How An Engineer Was Tortured To Become An Iranian Informer

Behdad_Esfahbod

In another incident of blatant brainwash, a Canadian Iranian software engineer working with a social media giant has turned sides and become an informer for the Iranian Revolutionary Guards (IRG). The IRG is a powerful tool of the Iranian military that remains sanctioned by the United States as a terrorist organization.

Behdad Esfahbod is known to be a brilliant software engineer, who claims to have been arrested by the Iranian police at the streets of Tehran, kept in solitary confinement for a period of seven days and then forced to become an informant. While Esfahbod did not adhere to the pressure tactics, he has quit work in the American social media bigwig, almost lost his mind and family life and has returned to Alberta in Canada.

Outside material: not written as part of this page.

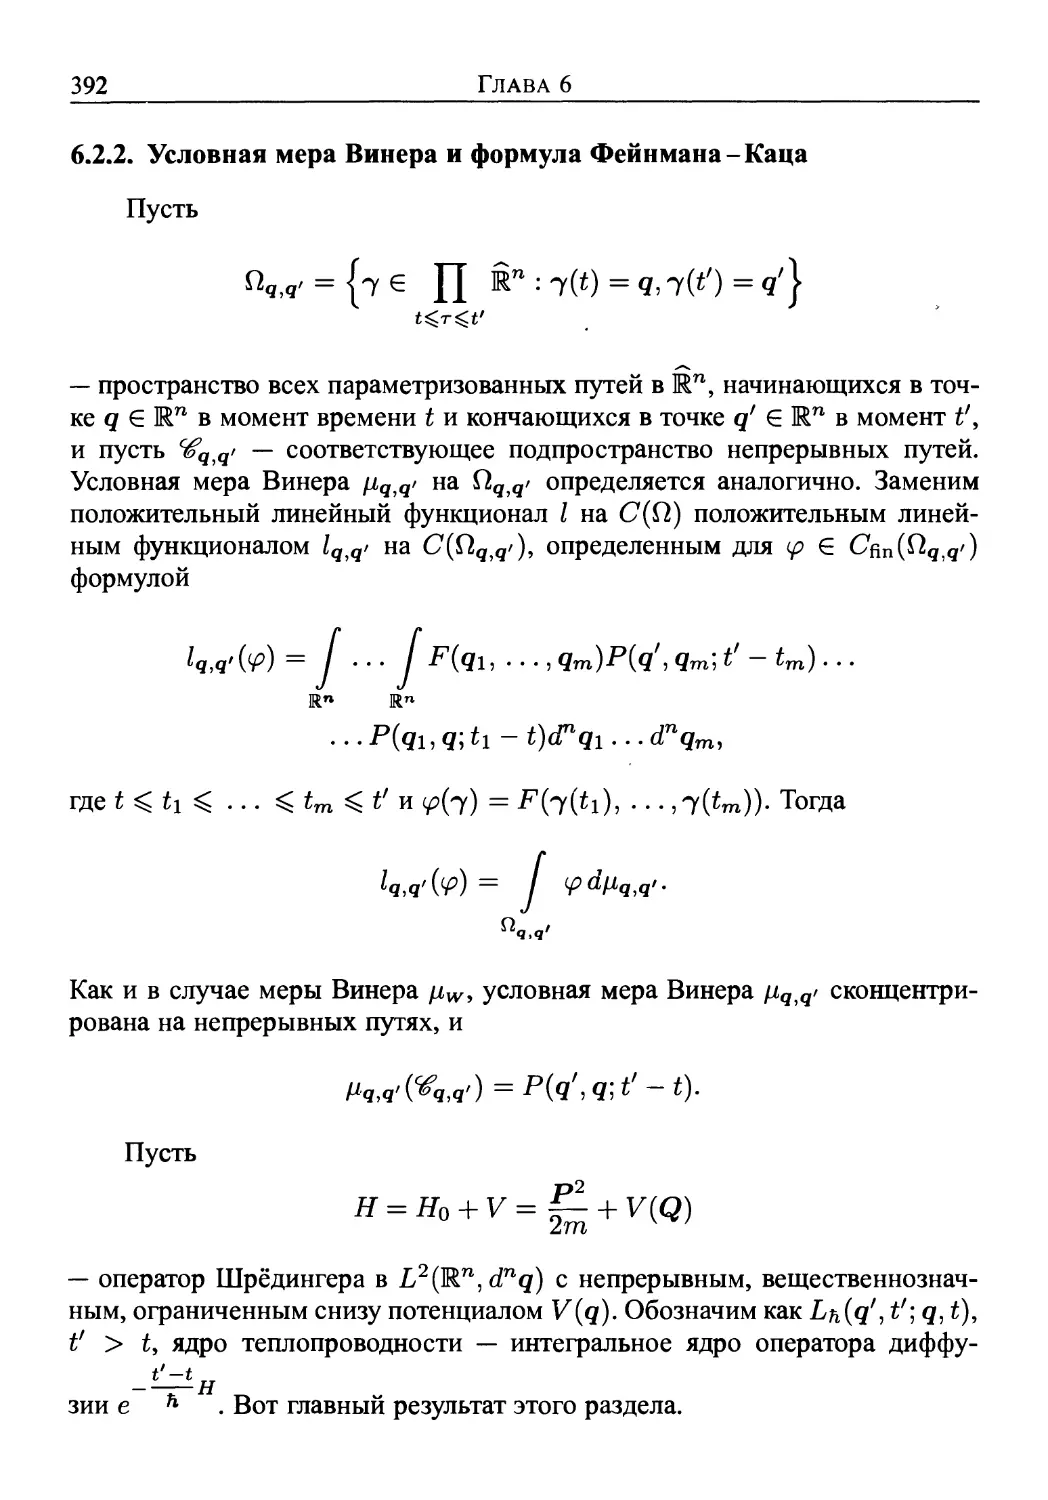 6.2.2. Условная мера Винера и формула Фейнмана-Каца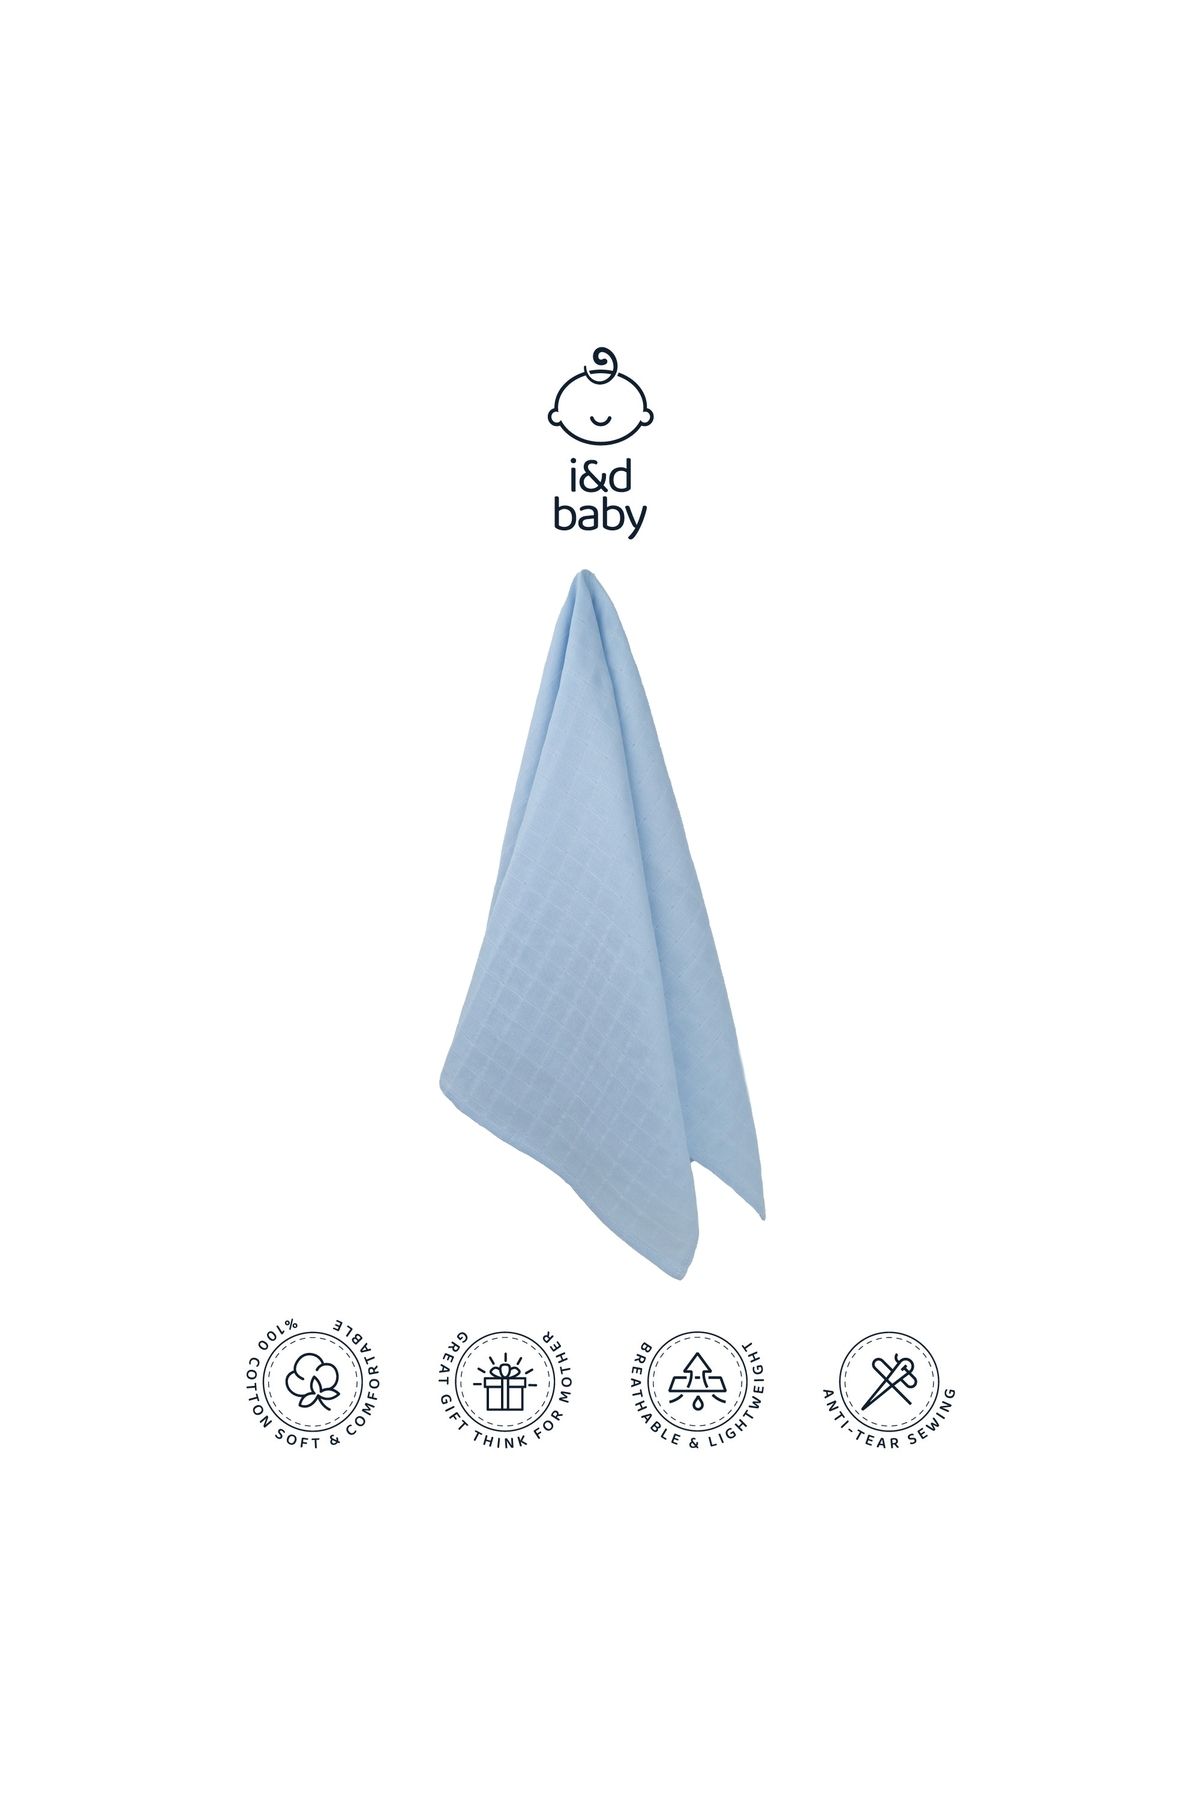 İ&DBABY 1 Adet Mavi Renk 75X75 cm %100 Pamuk Tek Katlı Müslin Kumaş Bebek Örtüsü.

A graduate of the Sharif University of Technology, Esfahbod truth came out in the open as he took to the popular journalist and writing website Medium to talk about his ordeal. A brilliant student, he won a silver and gold medal in the International Olympiad in Informatics. He is also known for his ground breaking work for the past two decades has been instrumental in making non-English writing scripts available to web and Android users the world over.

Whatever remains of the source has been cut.